>>>>>
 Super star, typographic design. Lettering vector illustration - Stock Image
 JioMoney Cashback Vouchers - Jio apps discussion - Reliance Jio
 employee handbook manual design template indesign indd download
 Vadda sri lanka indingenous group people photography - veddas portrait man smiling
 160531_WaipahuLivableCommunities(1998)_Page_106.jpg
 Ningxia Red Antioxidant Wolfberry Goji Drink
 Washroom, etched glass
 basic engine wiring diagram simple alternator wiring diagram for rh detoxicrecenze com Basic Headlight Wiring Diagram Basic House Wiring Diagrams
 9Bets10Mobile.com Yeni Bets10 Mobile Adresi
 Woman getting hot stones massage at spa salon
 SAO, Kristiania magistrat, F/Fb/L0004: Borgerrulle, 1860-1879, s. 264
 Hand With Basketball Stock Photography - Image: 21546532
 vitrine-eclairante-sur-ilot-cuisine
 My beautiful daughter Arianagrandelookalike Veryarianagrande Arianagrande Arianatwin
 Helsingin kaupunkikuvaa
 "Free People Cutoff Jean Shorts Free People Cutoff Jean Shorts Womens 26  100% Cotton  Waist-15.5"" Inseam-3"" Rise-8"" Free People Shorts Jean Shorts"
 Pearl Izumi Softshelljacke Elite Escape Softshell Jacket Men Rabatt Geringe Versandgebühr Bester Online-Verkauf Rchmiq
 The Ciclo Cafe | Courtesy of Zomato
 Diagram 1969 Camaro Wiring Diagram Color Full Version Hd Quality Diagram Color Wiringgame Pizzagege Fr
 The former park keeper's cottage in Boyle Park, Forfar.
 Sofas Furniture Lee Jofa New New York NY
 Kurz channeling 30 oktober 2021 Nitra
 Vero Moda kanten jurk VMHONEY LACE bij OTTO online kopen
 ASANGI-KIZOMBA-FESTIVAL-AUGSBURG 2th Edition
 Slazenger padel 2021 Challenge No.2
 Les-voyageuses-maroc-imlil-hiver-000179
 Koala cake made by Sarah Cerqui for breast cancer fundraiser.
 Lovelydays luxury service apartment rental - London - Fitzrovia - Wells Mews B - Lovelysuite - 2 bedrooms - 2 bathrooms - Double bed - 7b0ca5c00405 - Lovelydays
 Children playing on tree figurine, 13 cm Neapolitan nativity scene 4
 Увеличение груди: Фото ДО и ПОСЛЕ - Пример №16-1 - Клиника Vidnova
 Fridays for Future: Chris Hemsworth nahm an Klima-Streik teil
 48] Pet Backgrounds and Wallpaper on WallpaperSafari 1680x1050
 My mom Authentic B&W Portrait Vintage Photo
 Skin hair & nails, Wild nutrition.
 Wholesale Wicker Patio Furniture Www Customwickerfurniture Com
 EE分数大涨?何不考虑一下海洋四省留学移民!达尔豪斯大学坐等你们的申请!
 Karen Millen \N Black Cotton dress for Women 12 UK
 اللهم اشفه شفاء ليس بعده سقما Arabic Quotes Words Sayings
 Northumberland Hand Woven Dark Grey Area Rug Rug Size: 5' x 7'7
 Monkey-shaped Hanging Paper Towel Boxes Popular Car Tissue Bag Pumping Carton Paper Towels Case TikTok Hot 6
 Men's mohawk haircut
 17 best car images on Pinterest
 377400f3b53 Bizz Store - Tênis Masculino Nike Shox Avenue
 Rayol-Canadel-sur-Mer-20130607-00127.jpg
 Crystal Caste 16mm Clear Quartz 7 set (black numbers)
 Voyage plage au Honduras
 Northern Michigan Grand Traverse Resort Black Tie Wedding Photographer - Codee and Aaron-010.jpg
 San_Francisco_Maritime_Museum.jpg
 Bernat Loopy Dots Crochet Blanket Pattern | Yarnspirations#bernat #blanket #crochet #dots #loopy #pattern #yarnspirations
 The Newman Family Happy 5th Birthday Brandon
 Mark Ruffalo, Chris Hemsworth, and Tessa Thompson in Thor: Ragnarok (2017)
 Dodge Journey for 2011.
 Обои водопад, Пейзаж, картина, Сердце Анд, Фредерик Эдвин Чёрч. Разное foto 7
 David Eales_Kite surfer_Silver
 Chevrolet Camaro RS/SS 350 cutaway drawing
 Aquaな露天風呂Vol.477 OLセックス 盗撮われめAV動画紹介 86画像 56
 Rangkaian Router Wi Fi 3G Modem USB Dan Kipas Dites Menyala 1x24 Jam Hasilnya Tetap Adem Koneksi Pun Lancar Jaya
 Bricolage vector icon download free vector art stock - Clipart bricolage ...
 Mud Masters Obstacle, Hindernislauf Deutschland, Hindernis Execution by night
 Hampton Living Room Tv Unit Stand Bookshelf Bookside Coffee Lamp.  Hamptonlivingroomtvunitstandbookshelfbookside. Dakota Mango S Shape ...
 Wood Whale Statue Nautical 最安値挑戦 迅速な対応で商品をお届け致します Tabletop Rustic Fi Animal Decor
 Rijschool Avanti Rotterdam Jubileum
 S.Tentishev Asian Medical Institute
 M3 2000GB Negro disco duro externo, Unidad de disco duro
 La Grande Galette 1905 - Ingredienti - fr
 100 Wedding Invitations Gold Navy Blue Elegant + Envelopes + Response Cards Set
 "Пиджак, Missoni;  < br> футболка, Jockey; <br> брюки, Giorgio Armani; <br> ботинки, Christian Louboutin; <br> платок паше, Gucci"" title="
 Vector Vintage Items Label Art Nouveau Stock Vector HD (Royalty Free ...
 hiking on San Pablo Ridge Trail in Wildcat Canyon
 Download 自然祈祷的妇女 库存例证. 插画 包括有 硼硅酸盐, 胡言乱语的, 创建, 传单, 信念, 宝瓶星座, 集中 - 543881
<<<<<
* [TASK STATEMENT]:
Reproduce each entry above exactly, keeping every word.

* [SOLUTION]:
 Super star, typographic design. Lettering vector illustration - Stock Image
 JioMoney Cashback Vouchers - Jio apps discussion - Reliance Jio
 employee handbook manual design template indesign indd download
 Vadda sri lanka indingenous group people photography - veddas portrait man smiling
 160531_WaipahuLivableCommunities(1998)_Page_106.jpg
 Ningxia Red Antioxidant Wolfberry Goji Drink
 Washroom, etched glass
 basic engine wiring diagram simple alternator wiring diagram for rh detoxicrecenze com Basic Headlight Wiring Diagram Basic House Wiring Diagrams
 9Bets10Mobile.com Yeni Bets10 Mobile Adresi
 Woman getting hot stones massage at spa salon
 SAO, Kristiania magistrat, F/Fb/L0004: Borgerrulle, 1860-1879, s. 264
 Hand With Basketball Stock Photography - Image: 21546532
 vitrine-eclairante-sur-ilot-cuisine
 My beautiful daughter Arianagrandelookalike Veryarianagrande Arianagrande Arianatwin
 Helsingin kaupunkikuvaa
 "Free People Cutoff Jean Shorts Free People Cutoff Jean Shorts Womens 26  100% Cotton  Waist-15.5"" Inseam-3"" Rise-8"" Free People Shorts Jean Shorts"
 Pearl Izumi Softshelljacke Elite Escape Softshell Jacket Men Rabatt Geringe Versandgebühr Bester Online-Verkauf Rchmiq
 The Ciclo Cafe | Courtesy of Zomato
 Diagram 1969 Camaro Wiring Diagram Color Full Version Hd Quality Diagram Color Wiringgame Pizzagege Fr
 The former park keeper's cottage in Boyle Park, Forfar.
 Sofas Furniture Lee Jofa New New York NY
 Kurz channeling 30 oktober 2021 Nitra
 Vero Moda kanten jurk VMHONEY LACE bij OTTO online kopen
 ASANGI-KIZOMBA-FESTIVAL-AUGSBURG 2th Edition
 Slazenger padel 2021 Challenge No.2
 Les-voyageuses-maroc-imlil-hiver-000179
 Koala cake made by Sarah Cerqui for breast cancer fundraiser.
 Lovelydays luxury service apartment rental - London - Fitzrovia - Wells Mews B - Lovelysuite - 2 bedrooms - 2 bathrooms - Double bed - 7b0ca5c00405 - Lovelydays
 Children playing on tree figurine, 13 cm Neapolitan nativity scene 4
 Увеличение груди: Фото ДО и ПОСЛЕ - Пример №16-1 - Клиника Vidnova
 Fridays for Future: Chris Hemsworth nahm an Klima-Streik teil
 48] Pet Backgrounds and Wallpaper on WallpaperSafari 1680x1050
 My mom Authentic B&W Portrait Vintage Photo
 Skin hair & nails, Wild nutrition.
 Wholesale Wicker Patio Furniture Www Customwickerfurniture Com
 EE分数大涨?何不考虑一下海洋四省留学移民!达尔豪斯大学坐等你们的申请!
 Karen Millen \N Black Cotton dress for Women 12 UK
 اللهم اشفه شفاء ليس بعده سقما Arabic Quotes Words Sayings
 Northumberland Hand Woven Dark Grey Area Rug Rug Size: 5' x 7'7
 Monkey-shaped Hanging Paper Towel Boxes Popular Car Tissue Bag Pumping Carton Paper Towels Case TikTok Hot 6
 Men's mohawk haircut
 17 best car images on Pinterest
 377400f3b53 Bizz Store - Tênis Masculino Nike Shox Avenue
 Rayol-Canadel-sur-Mer-20130607-00127.jpg
 Crystal Caste 16mm Clear Quartz 7 set (black numbers)
 Voyage plage au Honduras
 Northern Michigan Grand Traverse Resort Black Tie Wedding Photographer - Codee and Aaron-010.jpg
 San_Francisco_Maritime_Museum.jpg
 Bernat Loopy Dots Crochet Blanket Pattern | Yarnspirations#bernat #blanket #crochet #dots #loopy #pattern #yarnspirations
 The Newman Family Happy 5th Birthday Brandon
 Mark Ruffalo, Chris Hemsworth, and Tessa Thompson in Thor: Ragnarok (2017)
 Dodge Journey for 2011.
 Обои водопад, Пейзаж, картина, Сердце Анд, Фредерик Эдвин Чёрч. Разное foto 7
 David Eales_Kite surfer_Silver
 Chevrolet Camaro RS/SS 350 cutaway drawing
 Aquaな露天風呂Vol.477 OLセックス 盗撮われめAV動画紹介 86画像 56
 Rangkaian Router Wi Fi 3G Modem USB Dan Kipas Dites Menyala 1x24 Jam Hasilnya Tetap Adem Koneksi Pun Lancar Jaya
 Bricolage vector icon download free vector art stock - Clipart bricolage ...
 Mud Masters Obstacle, Hindernislauf Deutschland, Hindernis Execution by night
 Hampton Living Room Tv Unit Stand Bookshelf Bookside Coffee Lamp.  Hamptonlivingroomtvunitstandbookshelfbookside. Dakota Mango S Shape ...
 Wood Whale Statue Nautical 最安値挑戦 迅速な対応で商品をお届け致します Tabletop Rustic Fi Animal Decor
 Rijschool Avanti Rotterdam Jubileum
 S.Tentishev Asian Medical Institute
 M3 2000GB Negro disco duro externo, Unidad de disco duro
 La Grande Galette 1905 - Ingredienti - fr
 100 Wedding Invitations Gold Navy Blue Elegant + Envelopes + Response Cards Set
 "Пиджак, Missoni;  < br> футболка, Jockey; <br> брюки, Giorgio Armani; <br> ботинки, Christian Louboutin; <br> платок паше, Gucci"" title="
 Vector Vintage Items Label Art Nouveau Stock Vector HD (Royalty Free ...
 hiking on San Pablo Ridge Trail in Wildcat Canyon
 Download 自然祈祷的妇女 库存例证. 插画 包括有 硼硅酸盐, 胡言乱语的, 创建, 传单, 信念, 宝瓶星座, 集中 - 543881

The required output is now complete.